My JavaScript book is out! Don't miss the opportunity to upgrade your beginner or average dev skills.

Friday, November 10, 2006

PHP and JavaScript encoding comparison table

PHP and JavaScript are used every day for sync or async interactions.

I often read functions or libraries that use JS escape function and I often read forum discussions where someone writes that to solve chars problems You need to use escape function.

That's wrong, as is the usage of urlencode instead of rawurlencode.

What's wrong on PHP urlencode function ?
urlencode works quite perfectly with different charsets but has a big problem expecially with one char, the space char " ".
This char is not escaped but is replaced with a "+" sign.
If You write an url with this sign instead of a space there are no problems but if write a response for JavaScript with this char there are different problems.

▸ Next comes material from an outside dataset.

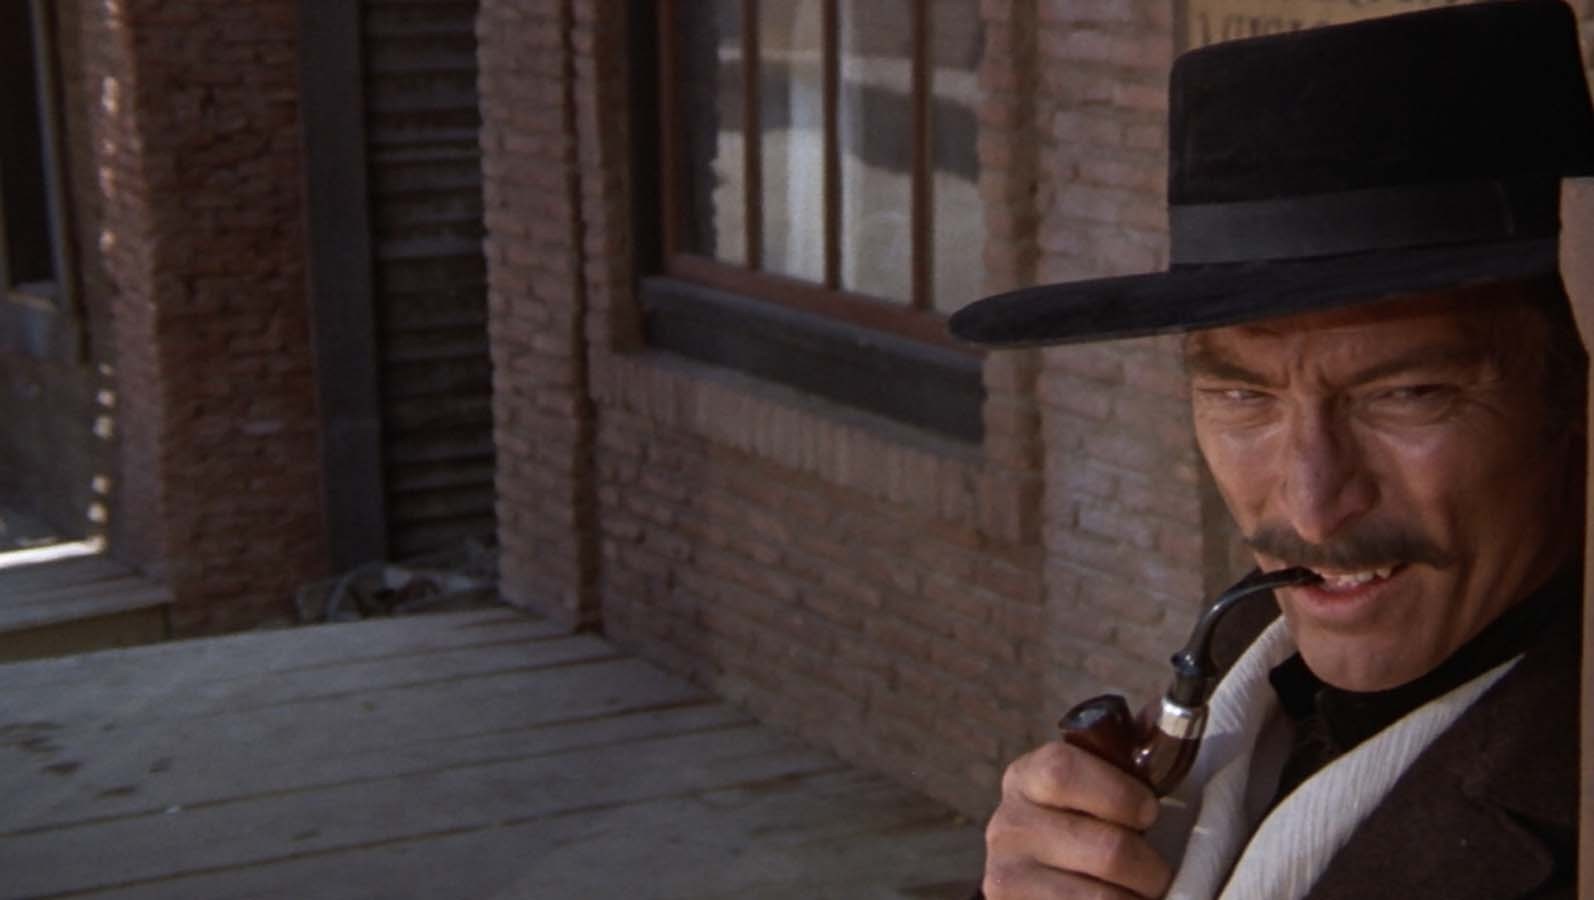 People 1594x900 movies The Good  The Bad and The Ugly Lee Van Cleef pipes smoking hat film stills men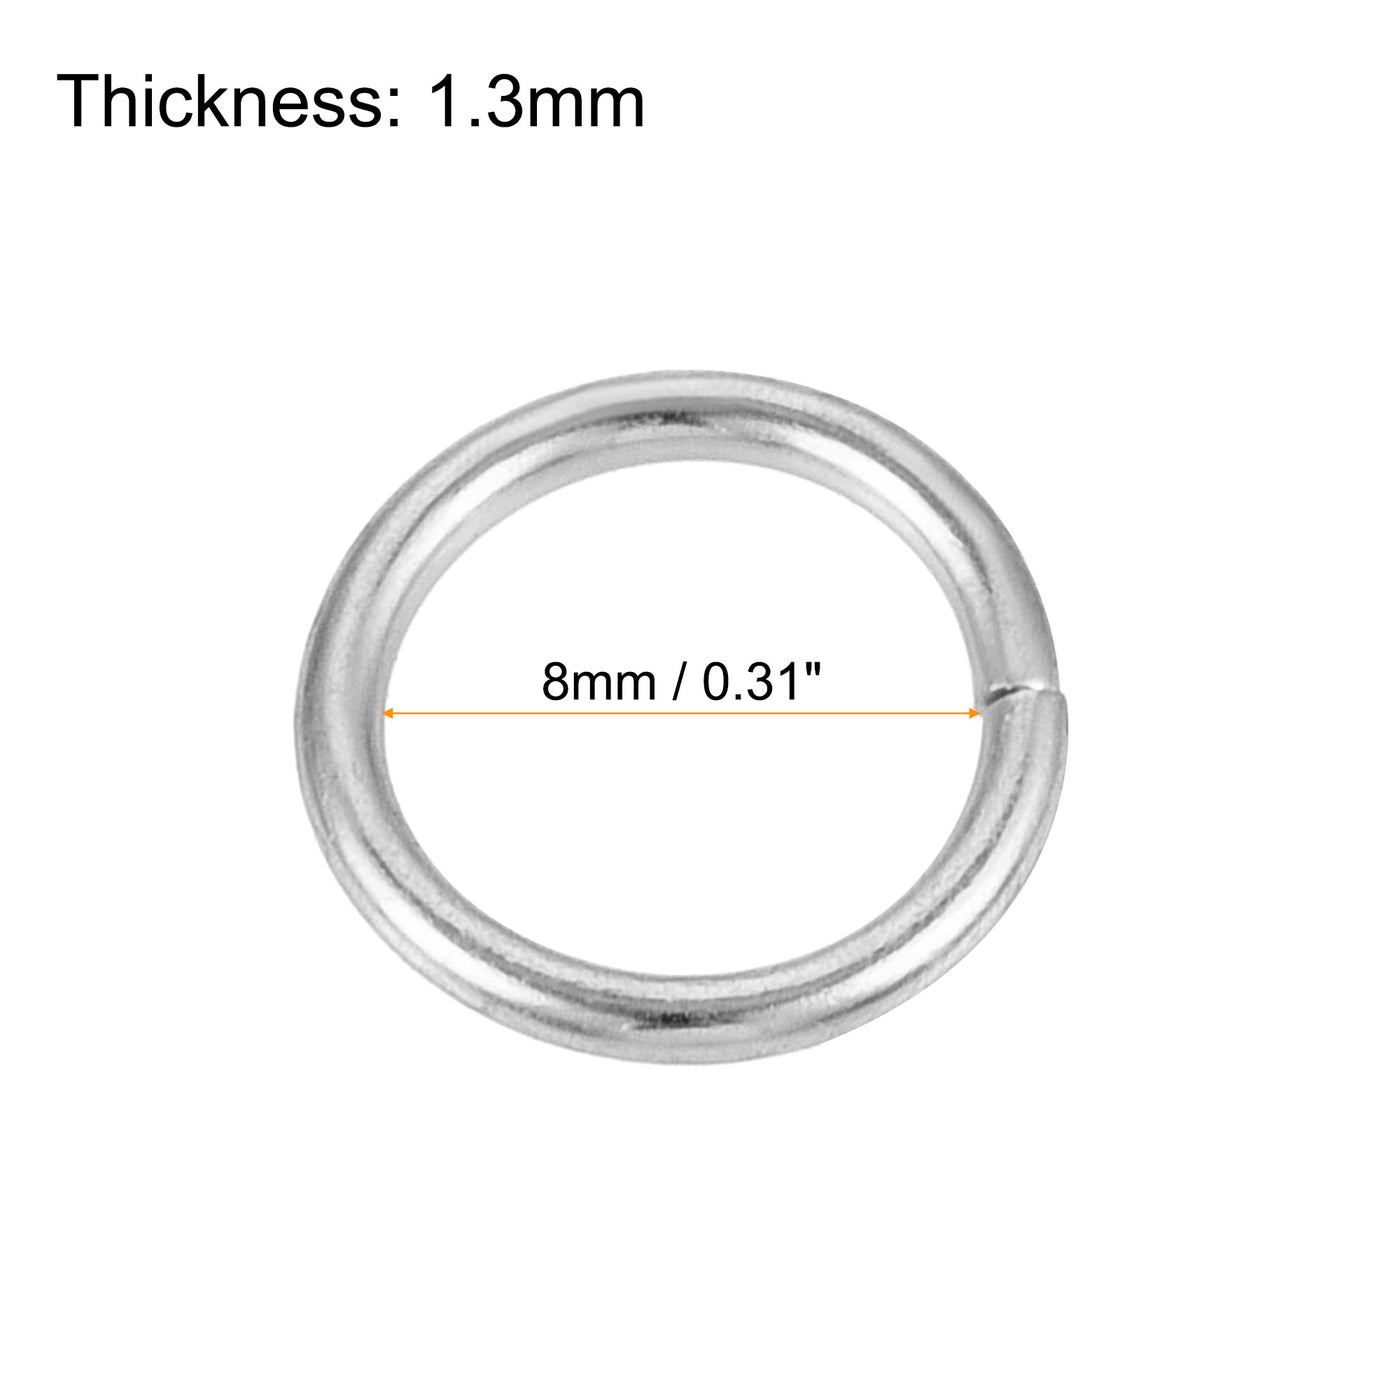 uxcell Uxcell 8mm Metal O Rings Non-Welded for Straps Bags Belts DIY Silver Tone 50pcs

As You can see from this comparative table JavaScript escape or encode perfectly the space char but doesn't escape the plus sing "+".
This means that when You'll unsecape an urlencoded string it will convert plus sign correctly.

To solve this simple but common problem, when You need to encode a PHP string, use always the raw version: rawurlencode.

What's wrong on JavaScript escape function ?
It has more and more problems than urlencode PHP function because it is an old function (too much) with the best encoding browsers compatibility but without unicode support.
The first point is that it doesn't escape correctly the plus sign, then if You send an escaped string with a simple addiction "1 + 2 = 3" to PHP page, it will recieve a string like this one "1 2 = 3" because PHP urldecode function converts plus sign into a space.
However, the real big problem with escape is that it doesn't support unicode and it converts "correctly" only ASCII chars.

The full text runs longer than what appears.